Letter: Art has power

Graphic by Lori Deaton

The National Endowment for the Arts awarded grants totaling $452,500 to 16 North Carolina organizations and one artist for fiscal year 2017. Writer Jean Godfrey of Black Mountain and the LEAF festival, which takes place in Black Mountain, were among the recipients. If Donald Trump succeeds at eliminating the NEA, which makes a minuscule dint in the national budget, funds for awards like these will be much more difficult to procure.

The most tenable reasons why the arts should not face the guillotine reflect a more unsettling issue than “wasteful spending.” President Lyndon Johnson once said, “In the long history of man, countless empires and nations have come and gone. Those which created no lasting works of art are reduced today to short footnotes in history’s catalog.”

Art brings voice and vision to facts written on the pages of history books. It reflects and shapes culture, liberates us, expresses the forbidden. It confesses our sins and celebrates our triumphs.

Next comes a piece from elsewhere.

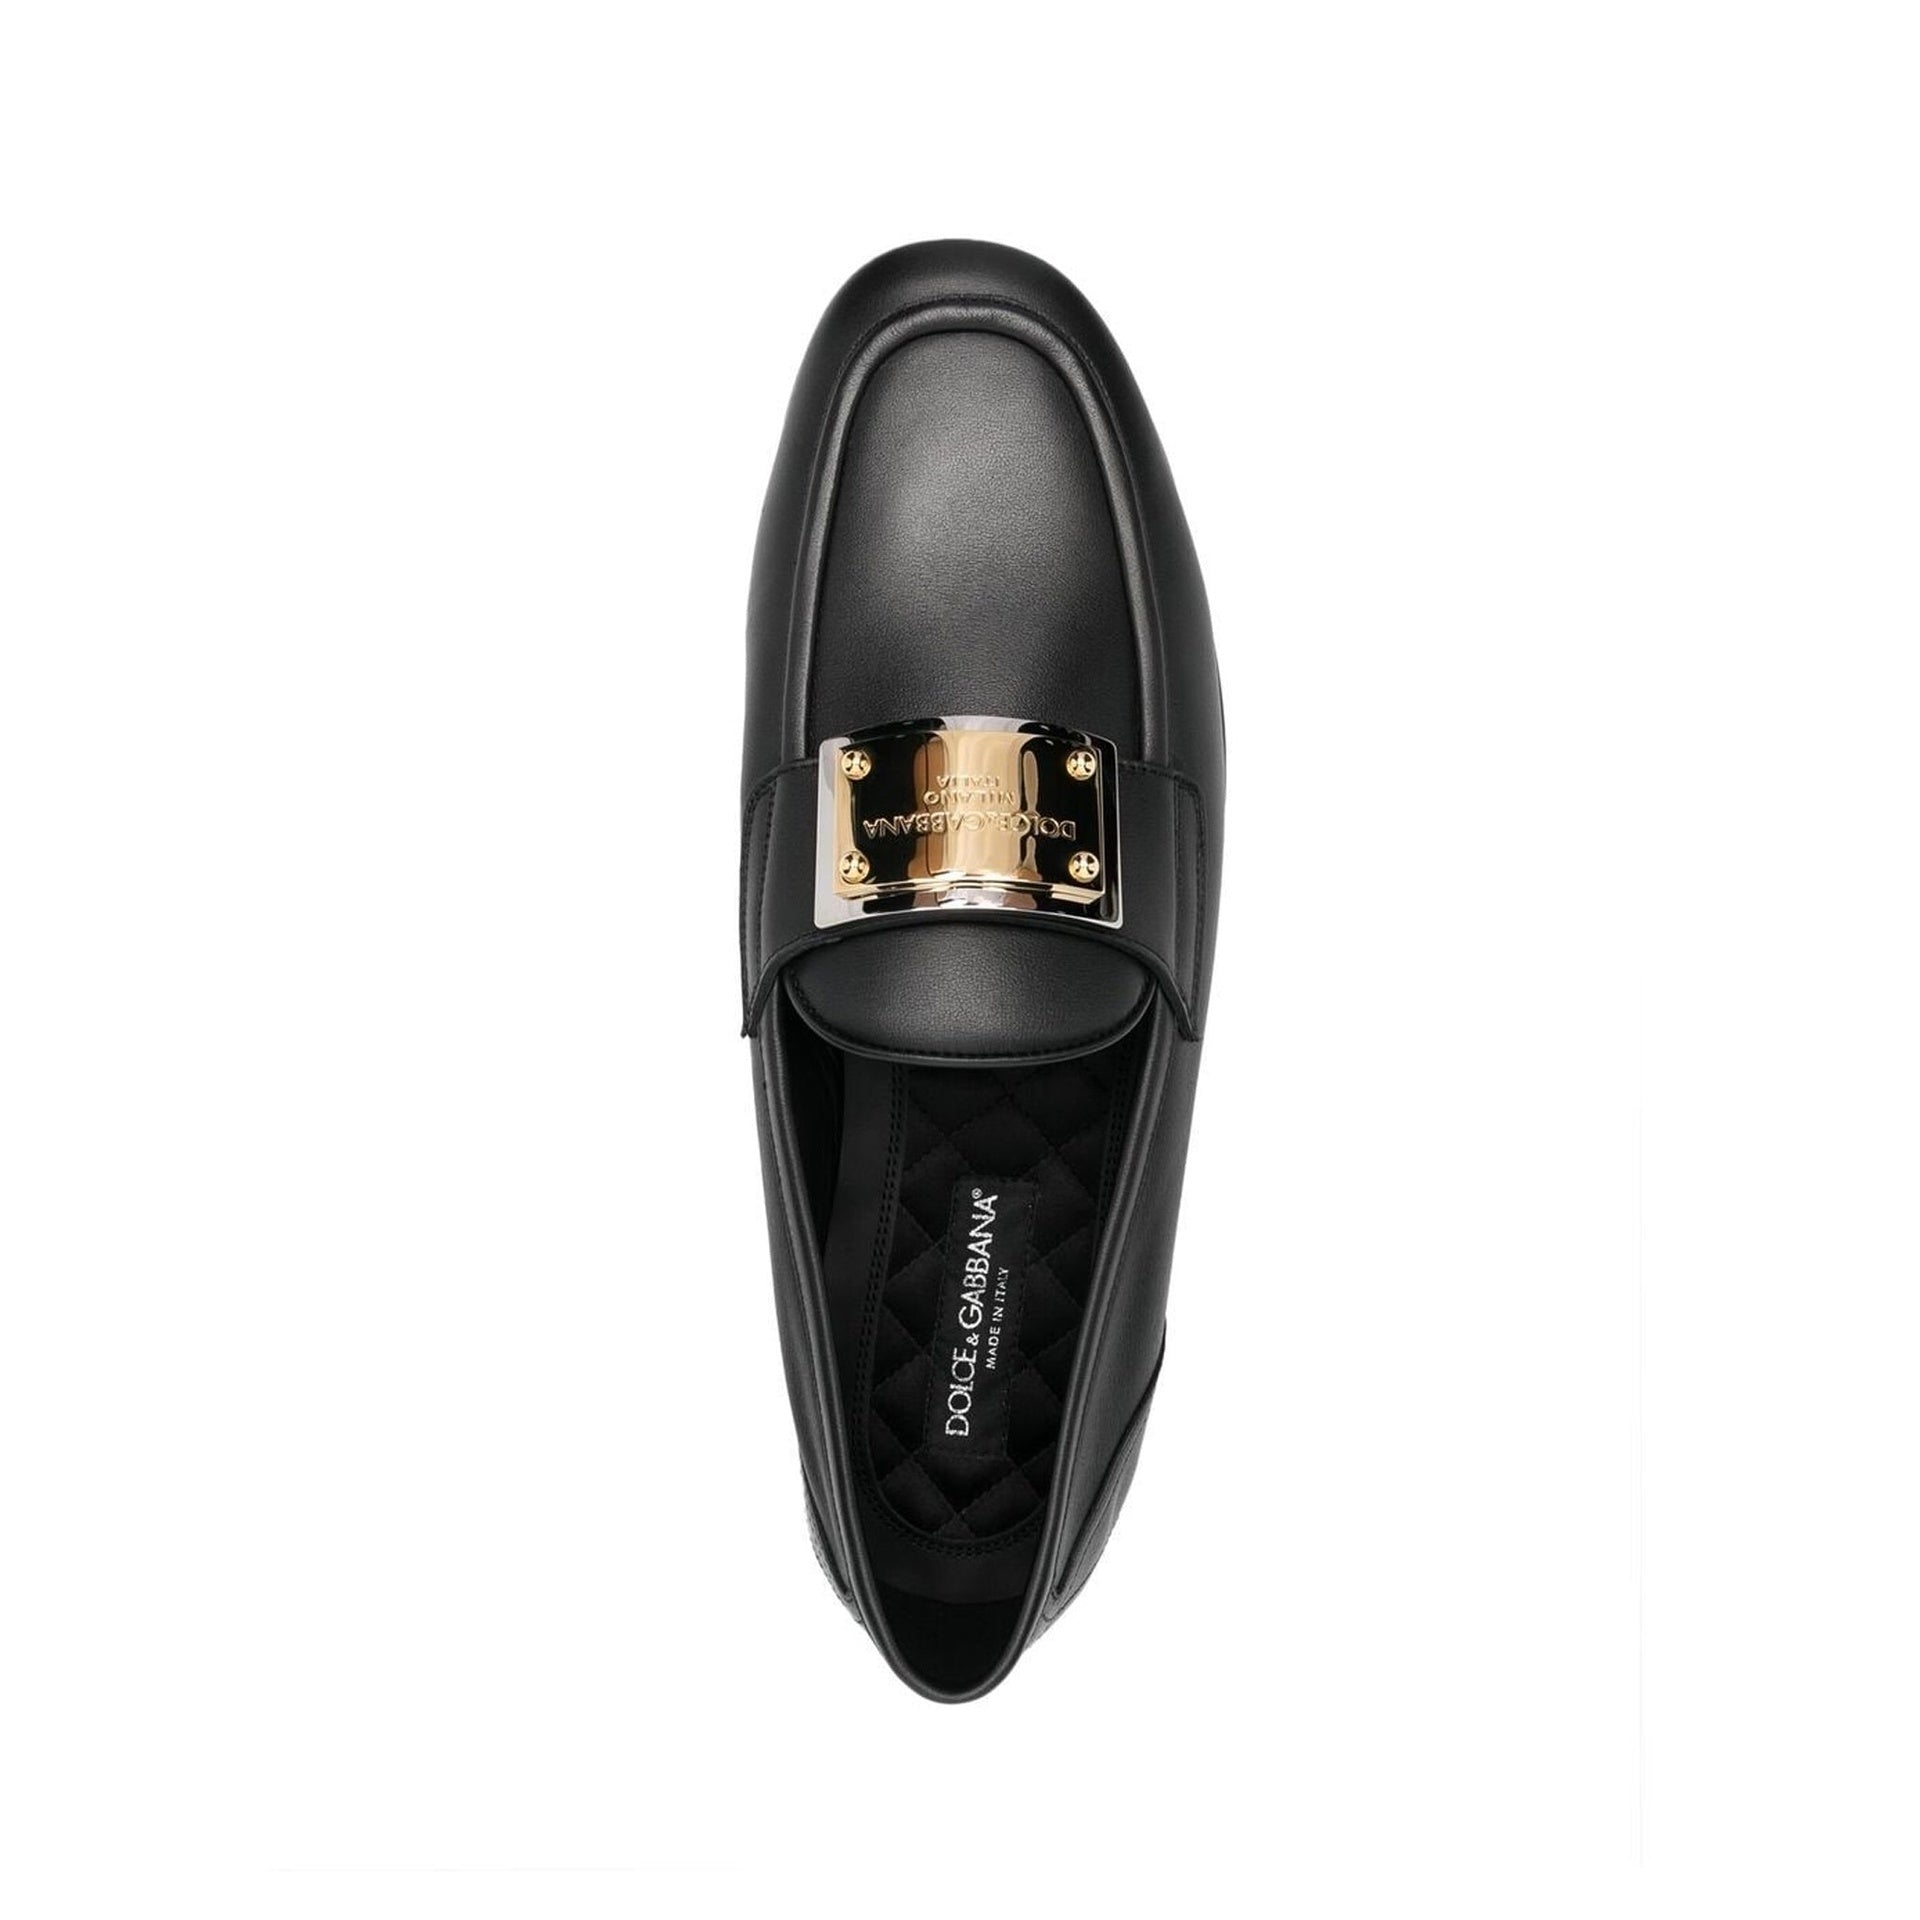 DOLCE-GABBANA-OUTLET-SALE-Dolce-Gabbana-Leather-Logo-Loafers-Flache-Schuhe-ARCHIVE-COLLECTION-4.jpg

It can even topple tyrants. Perhaps that is the most disturbing aspect of Trump’s quest to destroy the NEA.

Art has power.

Why else have so many writers, painters and musicians been silenced throughout history? Dostoyevsky spent years in a Siberian jail for discussing books critical of Tsarist Russia. Spanish poet Federico Garcia Lorca was executed for speaking out against Franco during the Spanish Civil War. One of American photographer Robert Mapplethorpe’s exhibitions was canceled in 1989 for offending the sensibilities of Sen. Jesse Helms with its sexually provocative images. Art should provoke. It should inspire us to question our convictions and venture out of our comfort zones. Silencing freedom of expression and thought is as dangerous to the health of a nation as vilifying the press for challenging political leaders and their agendas.

When a government begins to teeter on the edge of tyranny, the first things to go are a free press and art. The current administration is now under investigation for colluding with Russia to influence the 2016 presidential election. Donald Trump routinely disseminates falsehoods through near-daily tweets. Now more than ever, we need the honesty of art. Eliminating the NEA is not a deficit-reducing strategy; it is another insidious attempt to control the national narrative. Relying solely on the public to finance projects, especially experimental or avant-garde work — work that could indeed provoke thought and effect change — would result in even greater censorship and severely limit many people’s access to art.

When the history books portray the United States hundreds of years from now, what will that portrait look like? If it’s just a ledger pad, excavated from the ruins of the White House, we will relegate ourselves to a footnote. If it’s beauty and innovation — as demonstrated in the work of Jean Godfrey and LEAF — we will warrant an opus. A picture is worth a thousand words, Mr. Trump. And definitely a thousand tweets.